* **WHAT THIS TASK INVOLVES**
Exact reproduction of the data is required, with images excluded.

* **EXERCISE DATA**
----------------

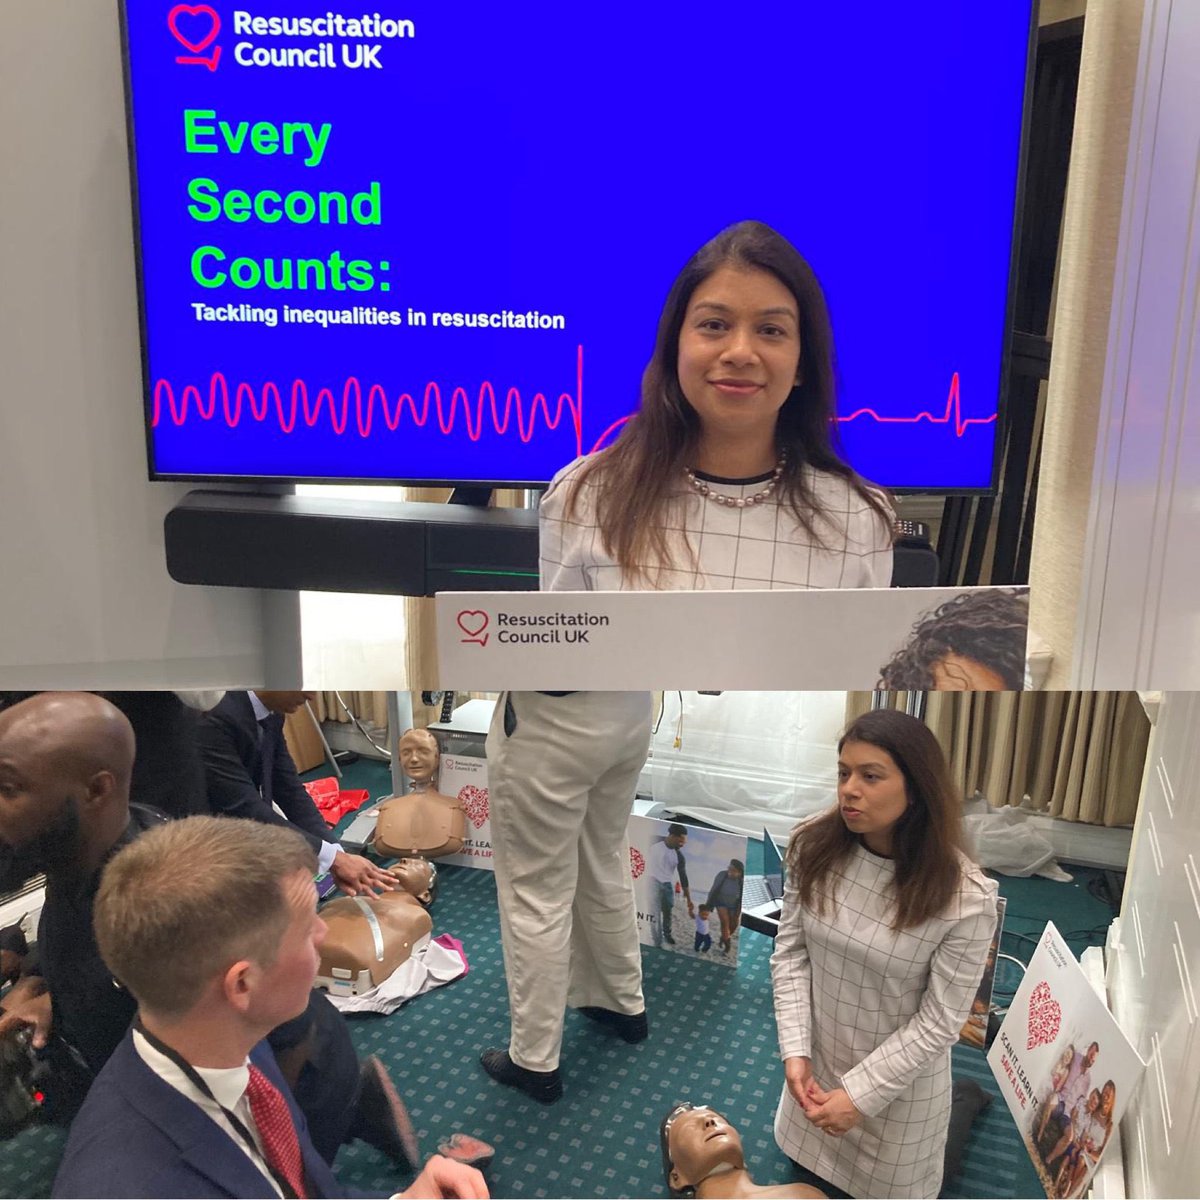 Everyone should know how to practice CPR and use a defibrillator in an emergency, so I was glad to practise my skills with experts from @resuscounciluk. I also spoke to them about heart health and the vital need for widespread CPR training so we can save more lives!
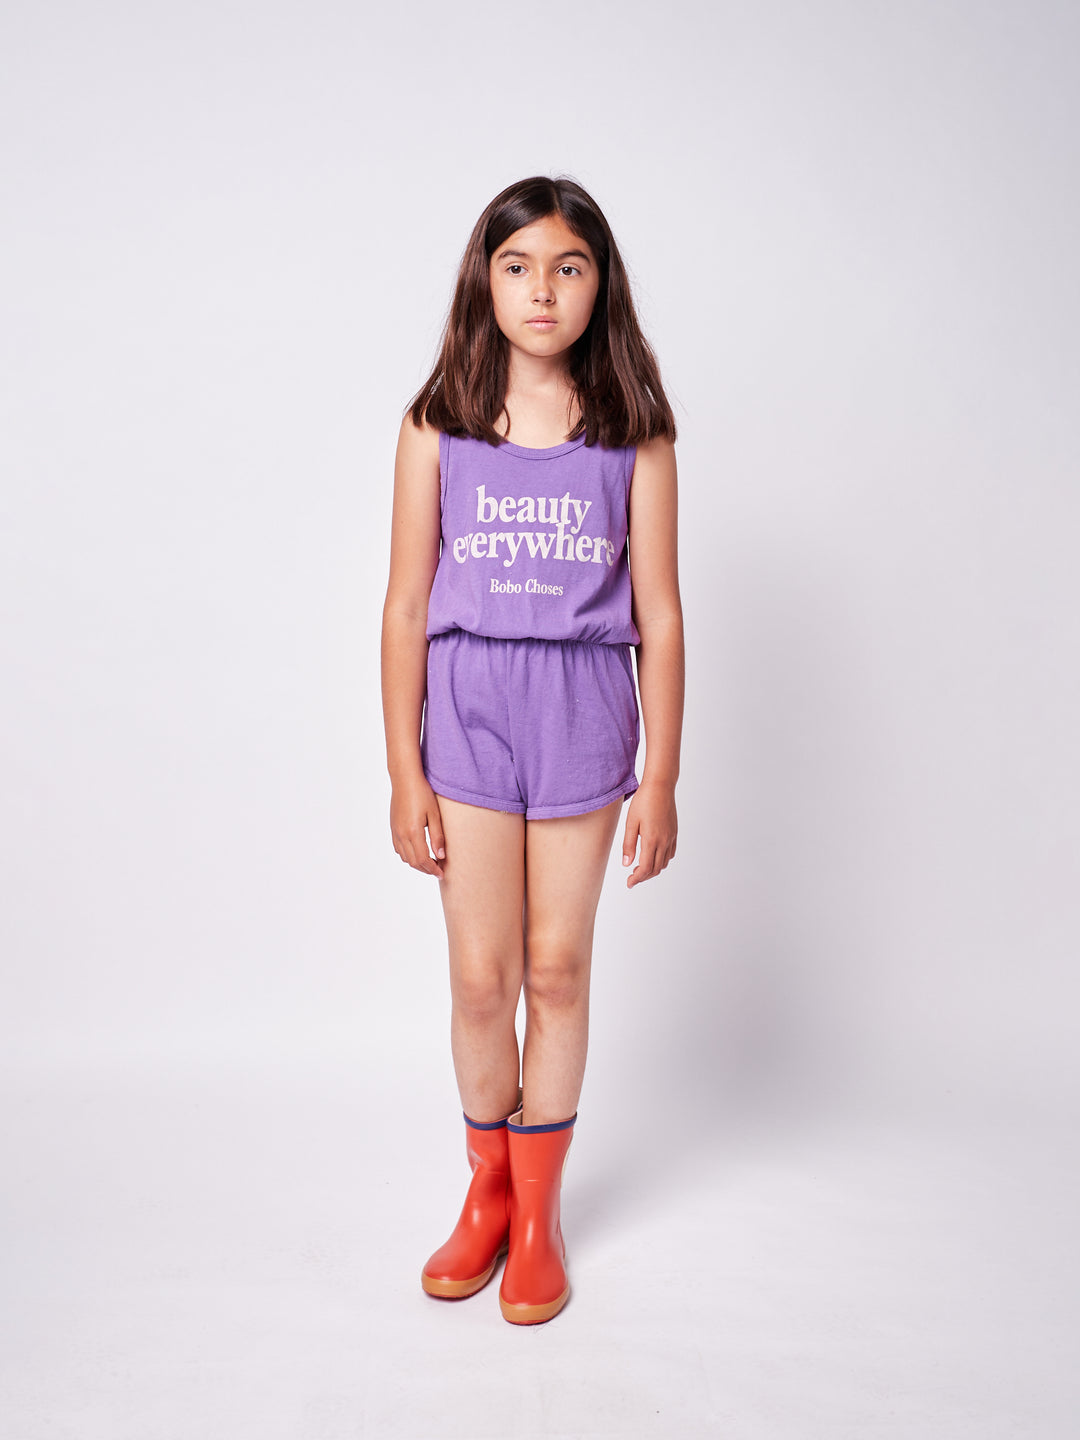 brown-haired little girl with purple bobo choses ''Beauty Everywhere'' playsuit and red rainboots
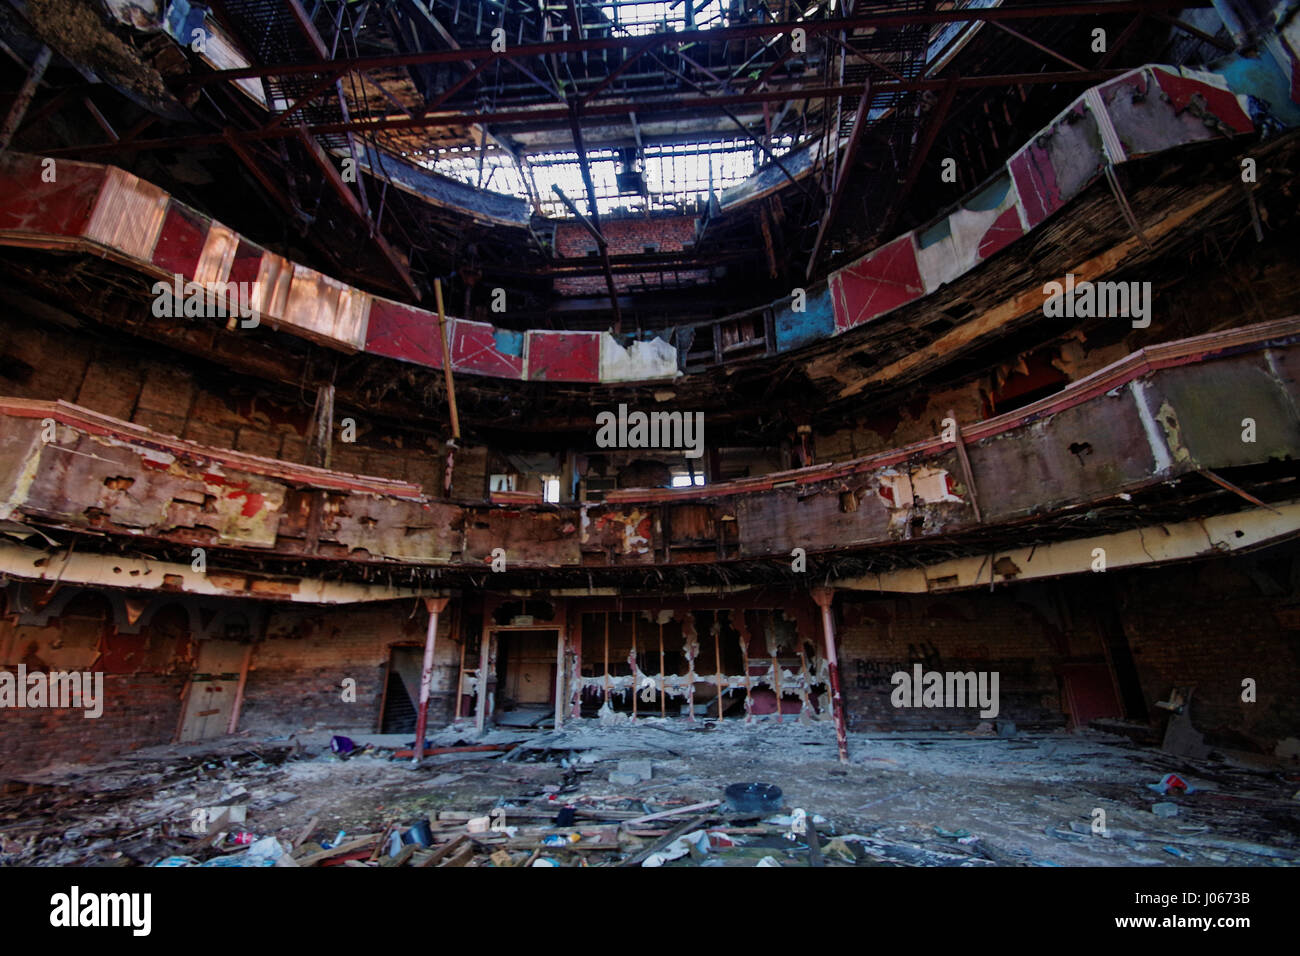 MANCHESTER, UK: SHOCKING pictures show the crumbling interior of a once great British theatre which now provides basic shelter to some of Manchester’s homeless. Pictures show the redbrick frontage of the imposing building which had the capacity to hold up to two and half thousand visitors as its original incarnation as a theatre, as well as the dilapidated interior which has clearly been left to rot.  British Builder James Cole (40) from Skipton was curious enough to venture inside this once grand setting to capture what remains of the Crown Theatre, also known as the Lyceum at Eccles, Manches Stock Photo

----------------

* **RESULT OF THIS EXERCISE**
 Everyone should know how to practice CPR and use a defibrillator in an emergency, so I was glad to practise my skills with experts from @resuscounciluk. I also spoke to them about heart health and the vital need for widespread CPR training so we can save more lives!
 brown-haired little girl with purple bobo choses ''Beauty Everywhere'' playsuit and red rainboots
 MANCHESTER, UK: SHOCKING pictures show the crumbling interior of a once great British theatre which now provides basic shelter to some of Manchester’s homeless. Pictures show the redbrick frontage of the imposing building which had the capacity to hold up to two and half thousand visitors as its original incarnation as a theatre, as well as the dilapidated interior which has clearly been left to rot.  British Builder James Cole (40) from Skipton was curious enough to venture inside this once grand setting to capture what remains of the Crown Theatre, also known as the Lyceum at Eccles, Manches Stock Photo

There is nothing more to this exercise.